Anti- et proabolitionnistes

Sur la prostitution, deux courants s'affrontent, les anti- et les proabolitionnistes. "C'est la femme qui doit être maître de son corps, et non l'Etat !" martèle le clan des Marcela Iacub, Elisabeth Badinter ou de la cinéaste-écrivain Virginie Despentes. Elles refusent de flanquer aux prostituées une étiquette de victimes absolues et réclament une décriminalisation totale de la prostitution. En face, le clan des abolitionnistes réfute cette vision idyllique du libre choix. Le chômage, les espoirs illusoires, les violences mafieuses sont les arguments de la philosophe Sylviane Agacinski, invitée à un colloque à l'Assemblée nationale, en février 2010, par l'association Le Nid qui se place "du côté des prostituées" mais contre la prostitution : "Une fois brisées par les traitements les plus dégradants, les femmes perdent jusqu'au sentiment de leur liberté et de leur dignité, et deviennent prisonnières du système qui les exploite." En clair, les pouvoirs publics doivent les protéger, y compris contre elles-mêmes, et même en punissant leurs clients.

Aujourd'hui, à droite comme à gauche, une même tendance l'emporte, balayant les clivages traditionnels : mieux vaut pénaliser le client que de créer des supermarchés du sexe tarifé. Invité à l'université d'été du PS à La Rochelle, Ruwen Ogien, le philosophe de l'éthique, auteur du Corps et l'argent (La Musardine), n'a pas convaincu les militants lorsqu'il leur a expliqué que "pénaliser les clients, c'est sanctionner un crime sans victime. Le but du client n'est pas nécessairement de porter atteinte à la femme qu'il sollicite". Plus de 200 auditions ont été menées sur le sujet : la pénalisation du client figure désormais dans un texte préparant le projet de campagne du PS pour 2012. "On s'attendait à une levée de boucliers, il n'y a rien eu de tout cela. Il n'y a qu'une minorité jusqu'au-boutiste pour défendre la prostitution comme une liberté individuelle, l'immense majorité veut punir l'acheteur d'acte sexuel", assure la socialiste Najat Vallaud-Belkacem, secrétaire nationale aux questions sociétales.

"La France ne fera pas l'économie d'une nouvelle loi, la traite des êtres humains à des fins d'exploitation sexuelle s'intensifie de manière plus violente, prévient le magistrat Yves Charpenel, membre de la Fondation Scelles, très impliquée dans ce combat. A Bordeaux, un juge vient de mettre en prison trois clients de prostituées mineures.
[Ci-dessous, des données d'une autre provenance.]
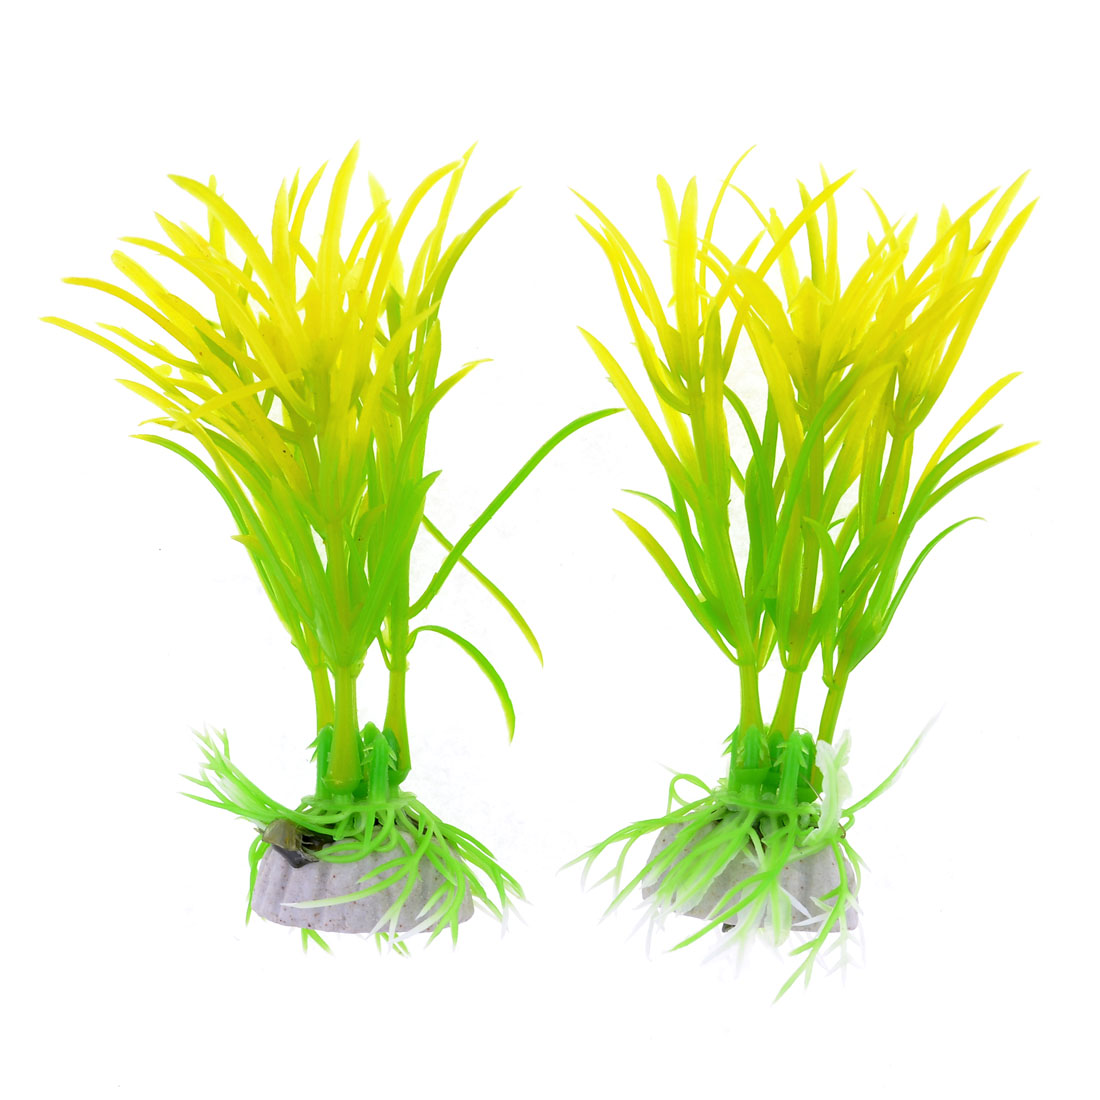 2 Pcs Yellowgreen Plastic Aquascaping Plant Grass for Fish Tank Aquarium
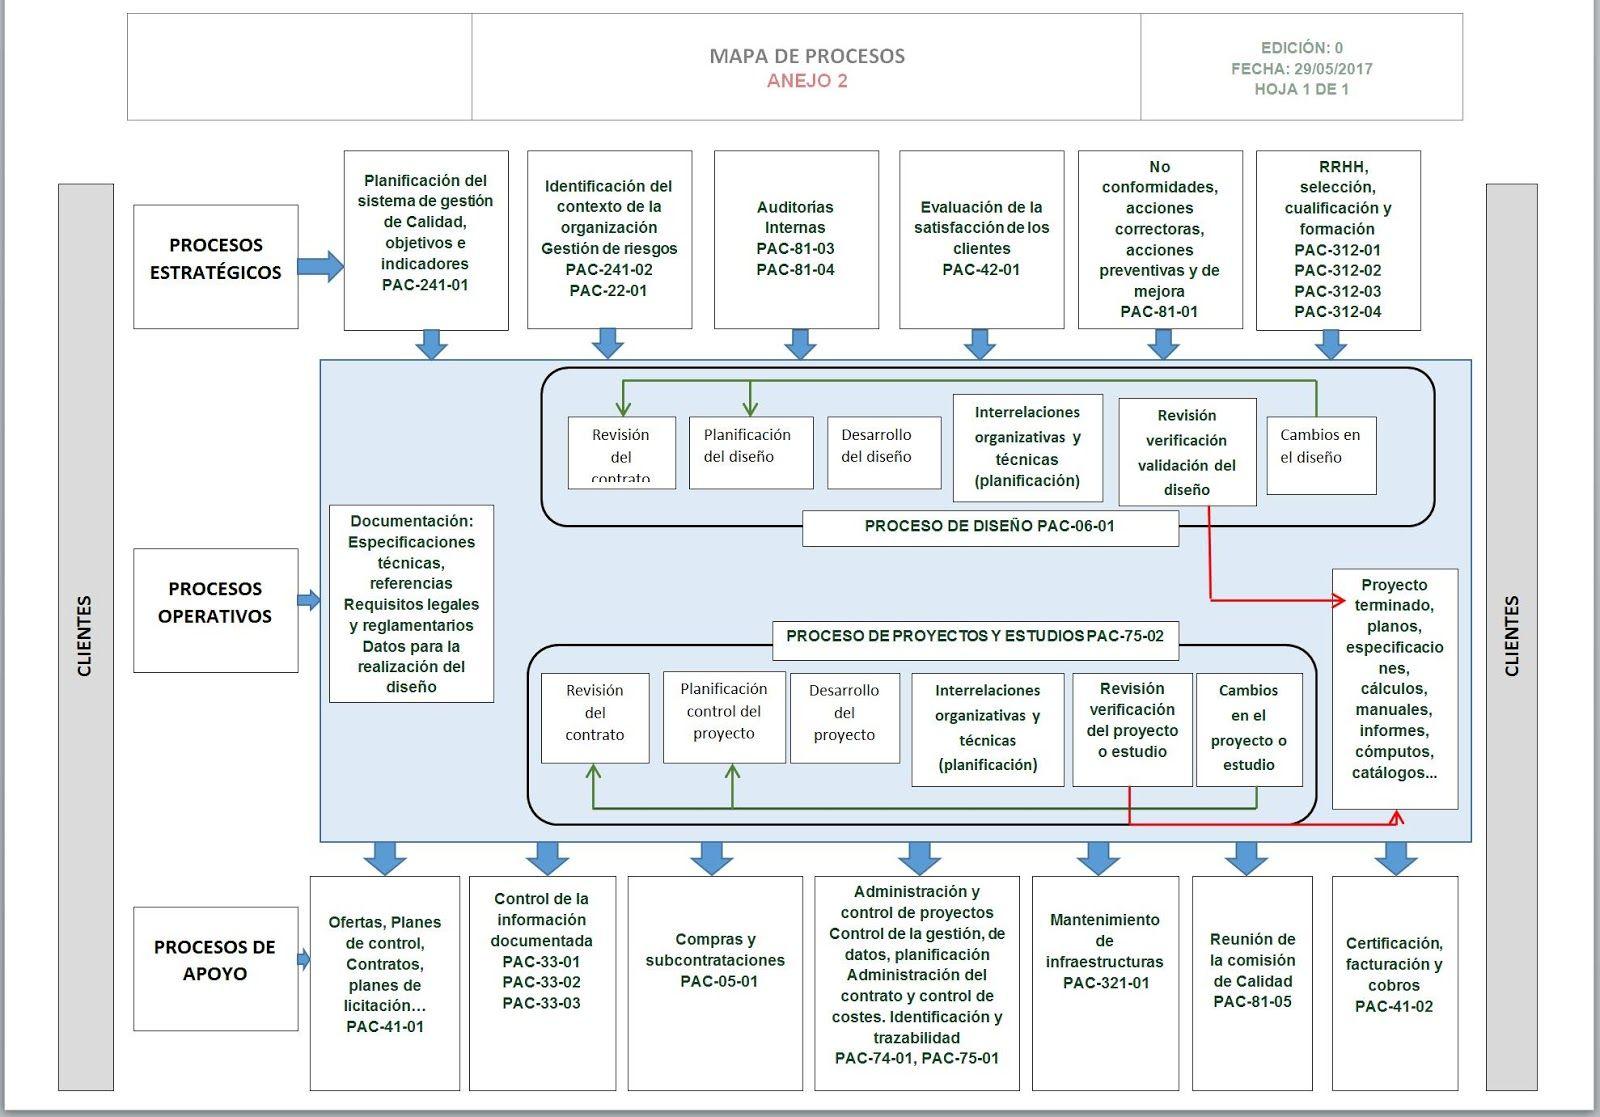 Mapa de procesos según ISO 9001:2015 | Mapas, Desarrollo organizacional,  Proceso

Il faut aller plus loin, comme en Suède, si on ne décourage pas la demande, il y aura toujours une offre."

Pour un statut légal

Comme au PS, ce modèle suédois séduit aussi à l'UMP. "Dans ce pays chantre de l'égalité hommes-femmes, le client est interpellé au coeur du système", souligne le député UMP Philippe Geoffroy. Mais le parti au pouvoir ne ferme pas complètement le débat sur les maisons closes. Régulièrement, des femmes de droite réclament leur réouverture, Françoise de Panafieu en 2002 ou Christine Boutin en 2009. Comme 59 % des Français qui soutiennent cette idée, et même 70 % si on ne tient compte que des hommes, selon un sondage CSA. En 2010, la députée de Seine-et-Marne Chantal Brunel (UMP) crée la polémique en prônant la création de "maisons ouvertes", à l'abri des marchands d'esclaves, offrant aux travailleuses du sexe une protection médicale, juridique et financière (lire ci-contre). "C'est légaliser le proxénétisme !" s'insurge le mouvement Le Nid. A l'époque, la chercheuse féministe Tiphaine Besnard rencontre la députée UMP en tant que porte-parole du Strass, le Syndicat du travail sexuel, qui milite pour la reconnaissance d'un statut. "Chantal Brunel n'a jamais dit officiellement qu'elle nous avait consultés, confie Tiphaine Besnard. Je défends l'idée que les prostituées veulent avoir le choix, comme n'importe quelle profession libérale." Le 25 février 2010, sous la pression de Nadine Morano, alors secrétaire d'Etat à la Famille, Chantal Brunel renonce à déposer à l'Assemblée son amendement visant à supprimer le délit de racolage passif de la loi de 2003. Nadine Morano promet alors un groupe de travail avec le ministre de l'Intérieur, Brice Hortefeux : il s'est réuni une fois.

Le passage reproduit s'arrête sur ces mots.